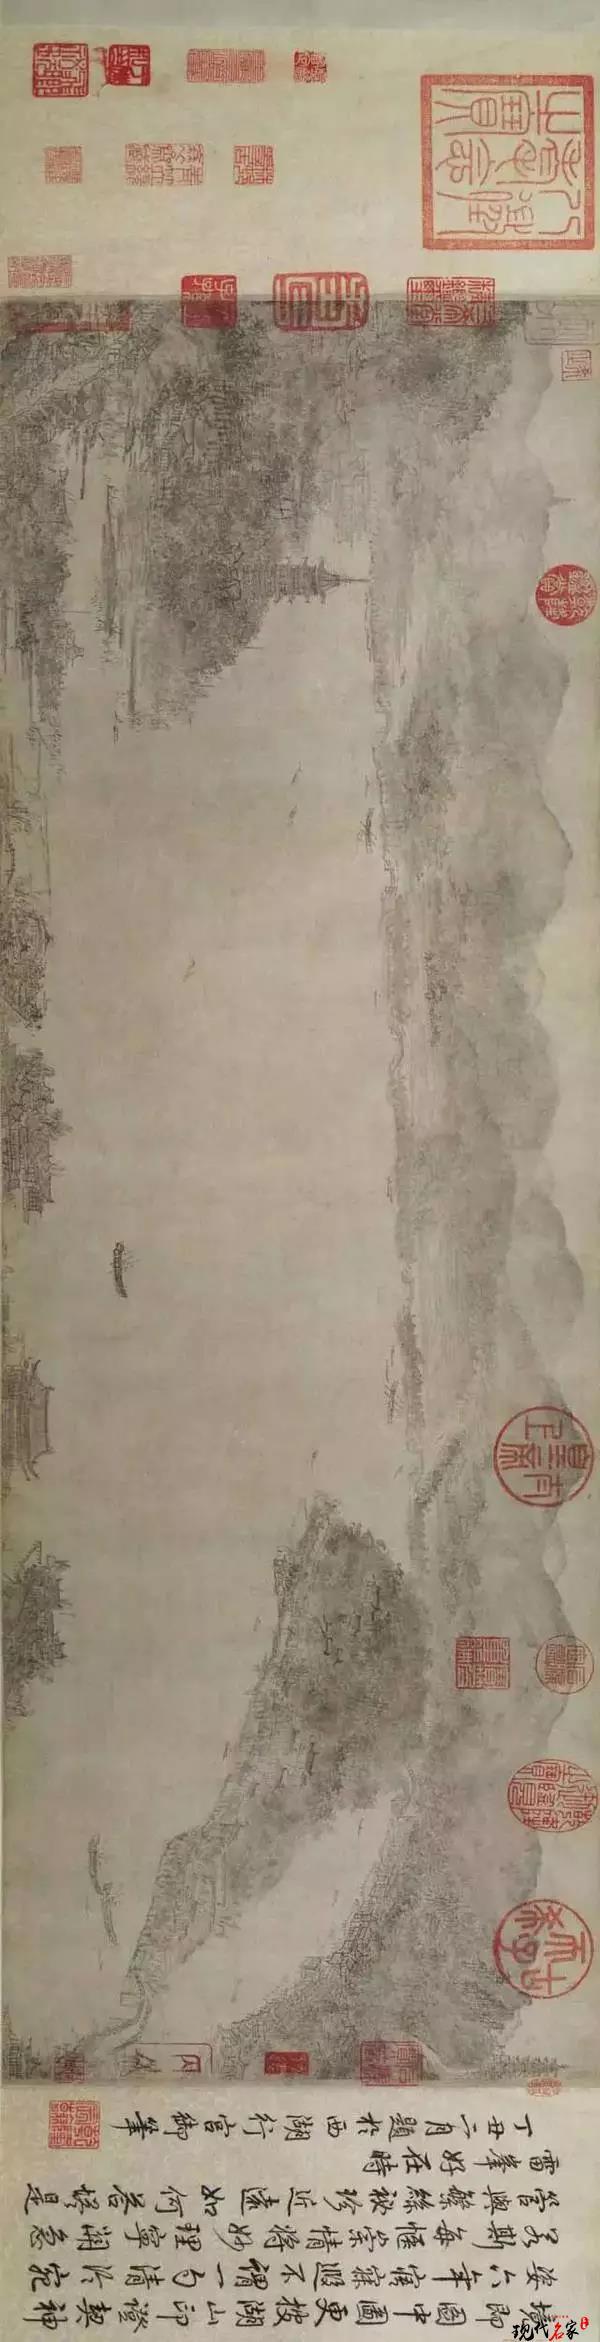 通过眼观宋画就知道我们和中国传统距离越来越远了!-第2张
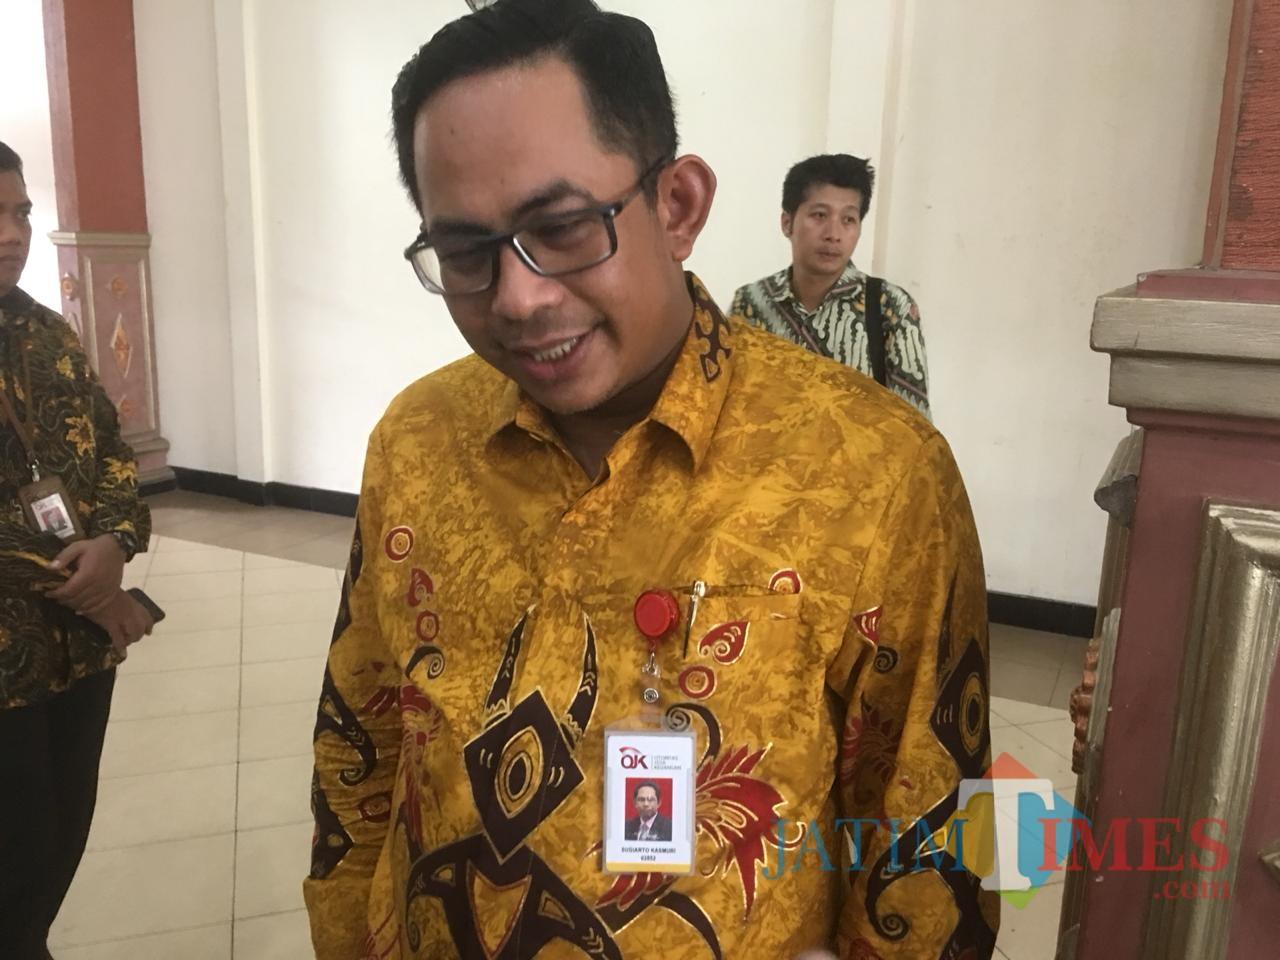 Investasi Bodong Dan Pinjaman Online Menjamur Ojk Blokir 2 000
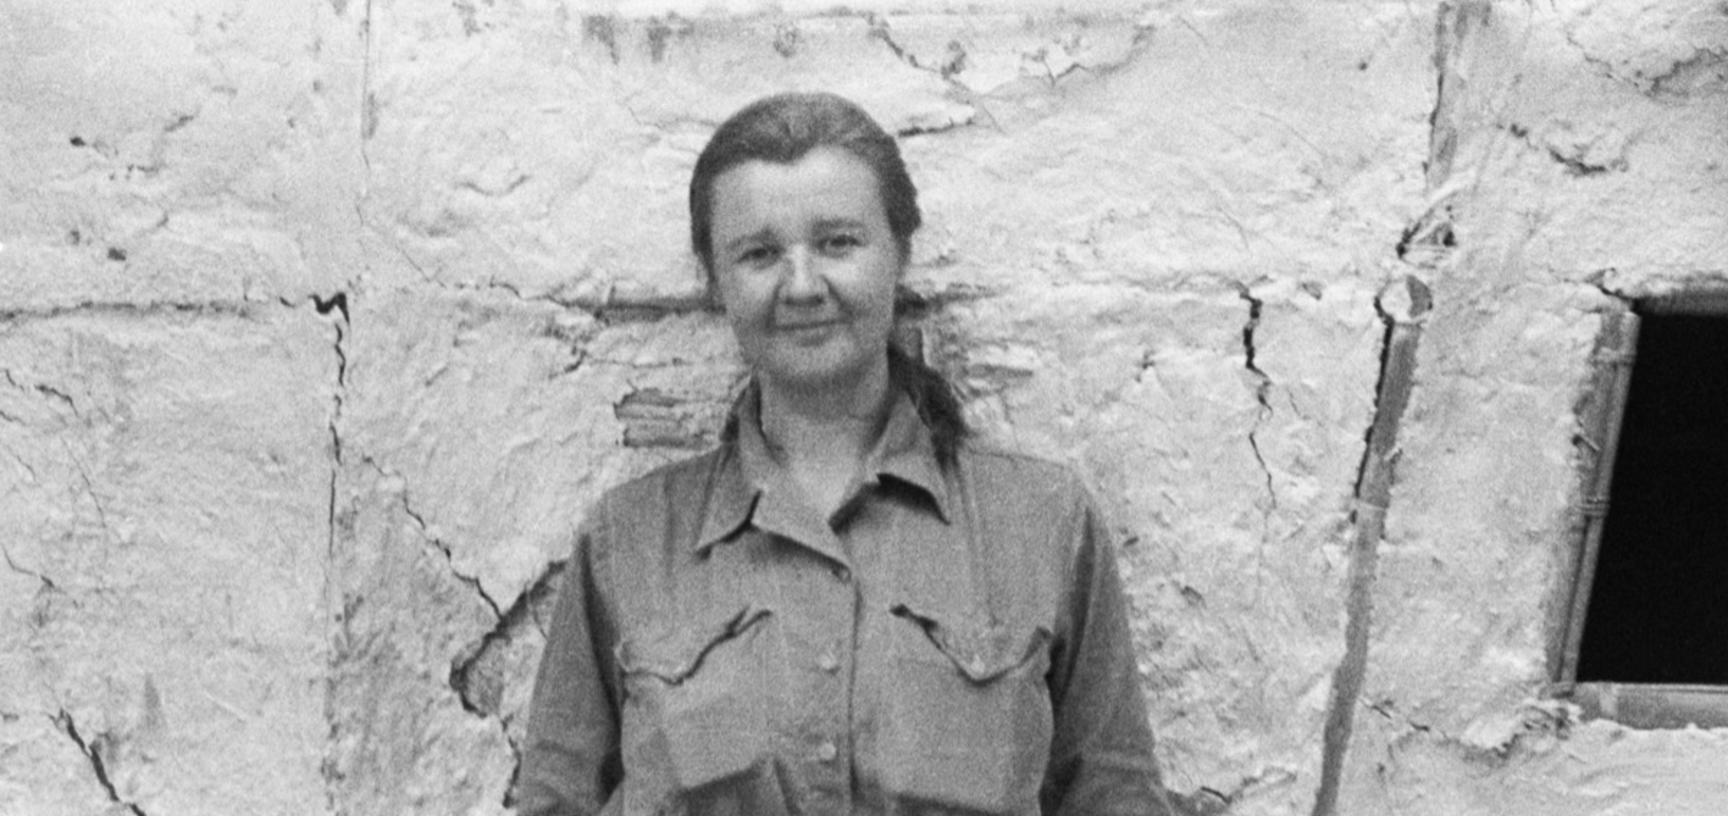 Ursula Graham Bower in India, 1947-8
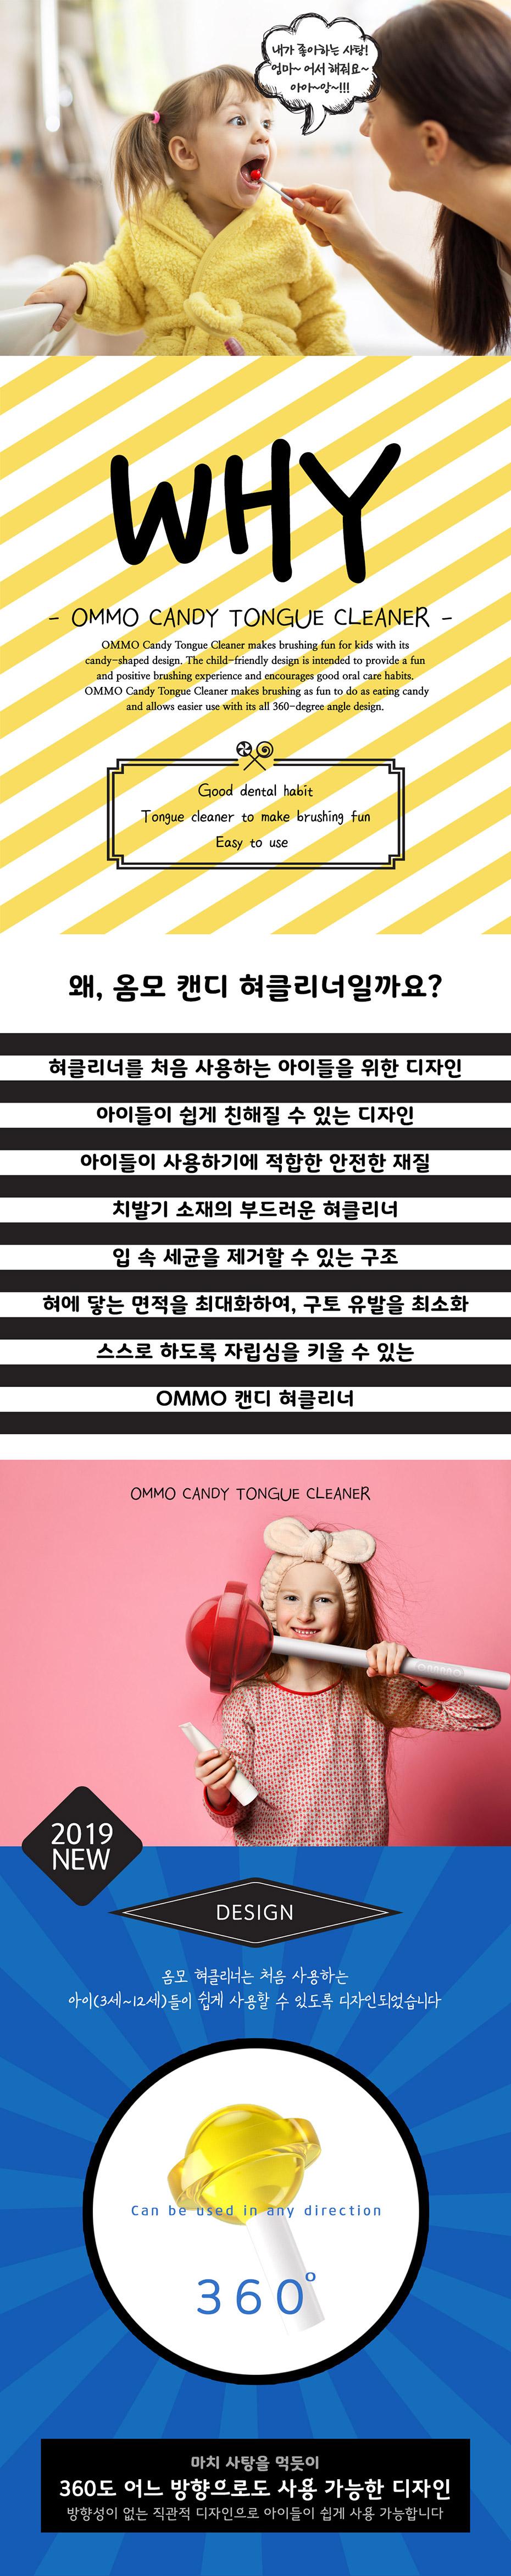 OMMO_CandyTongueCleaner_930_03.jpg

Your instructions. Find the line that contains "Investasi Bodong Dan" and repeat it, along with every line after it to the end of the data, exactly; drop the pictures.

Exercise result.
 Investasi Bodong Dan Pinjaman Online Menjamur Ojk Blokir 2 000
 Ursula Graham Bower in India, 1947-8
 OMMO_CandyTongueCleaner_930_03.jpg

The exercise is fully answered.